Voice AI interactions illustrate this challenge clearly. "In every voice AI interaction, the voice AI is making a number of tool calls and API calls back and forth. It's what we call in the network world as east-west traffic of communication between machines between clouds, and that is really going to explode," the CEO underlined . As agentic AI workflows become normal, AI will expose vulnerabilities in islands of technologies and domains, testing the limits of digital enterprises that can no longer manage infrastructure as disparate systems .
The platforms were developed in India while targeting global markets, allowing Tata Communications to scale domestically and generate better margins internationally . Executives noted that India's adoption is comparable to global levels, but international expansion enables better pricing and revenue margins. Chief Technology Officer Genius Wong revealed the company is designing special fast-track internet paths across India to skip slow intermediate stops by directly connecting major hubs like Mumbai and Delhi for better latency for users and applications .
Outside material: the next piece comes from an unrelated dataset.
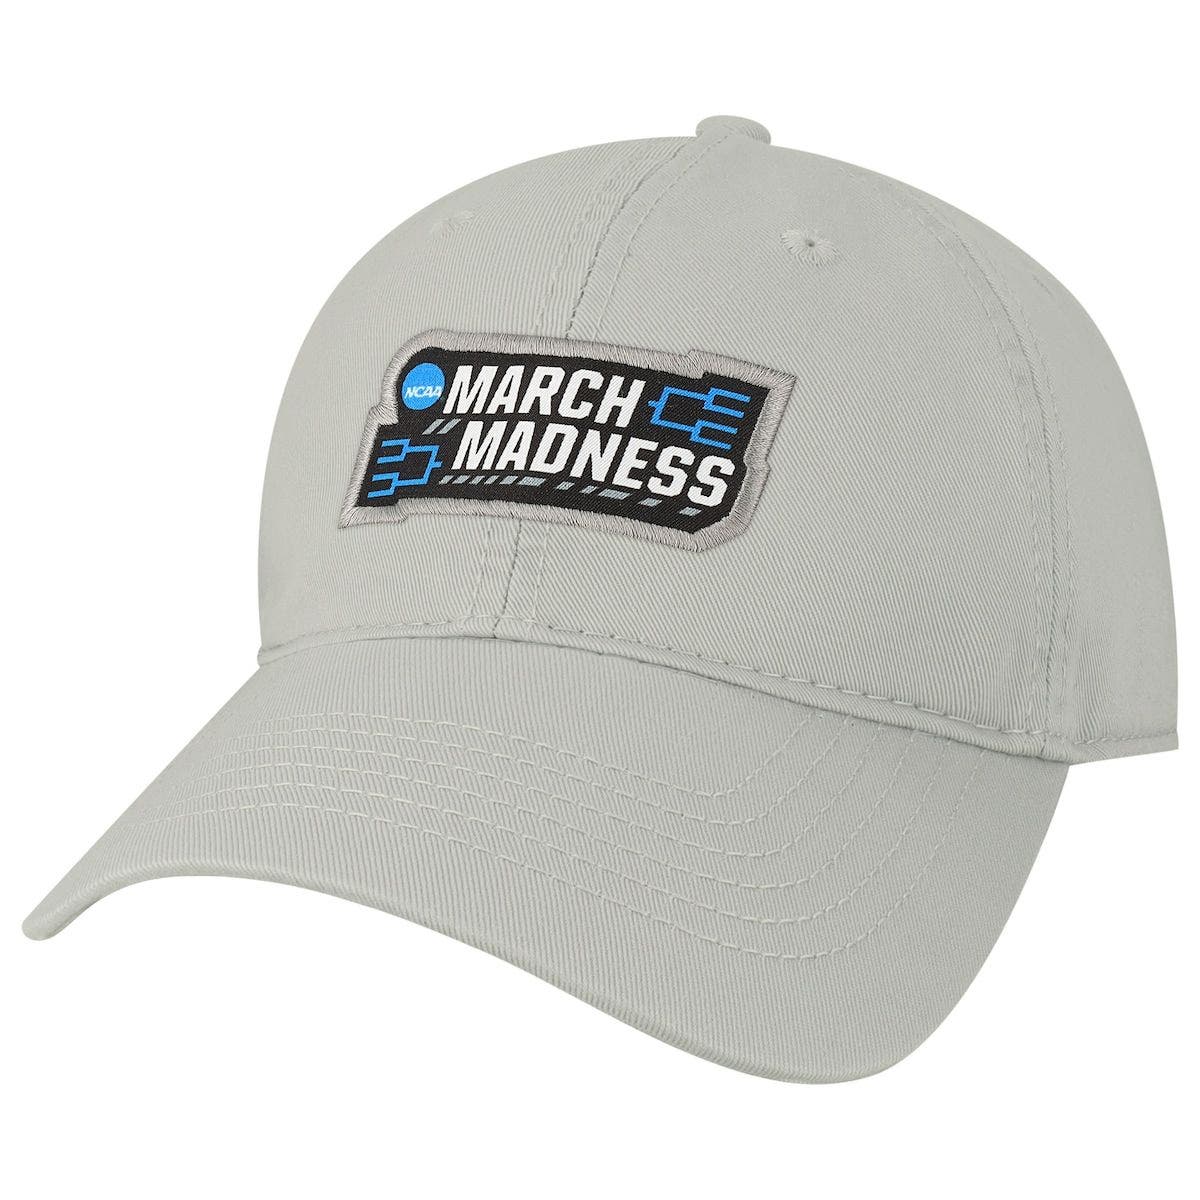 Elite Fan Shop NCAA Mens Hat Adjustable Relaxed Fit Z

This infrastructure investment addresses three critical pain points enterprises face: infrastructure fragmentation, costs that spike as complexity increases, and security and governance that can't keep up with machine speed . The suite's unified approach combining connectivity, cloud, edge, and security as a single architectural foundation aims to help enterprises deploy and scale enterprise AI with confidence, control, and clarity. As digital infrastructure becomes more complex and artificial intelligence amplifies this challenge, the company positions itself to provide what it calls a secure, unified, and intelligent foundation for the next wave of AI adoption .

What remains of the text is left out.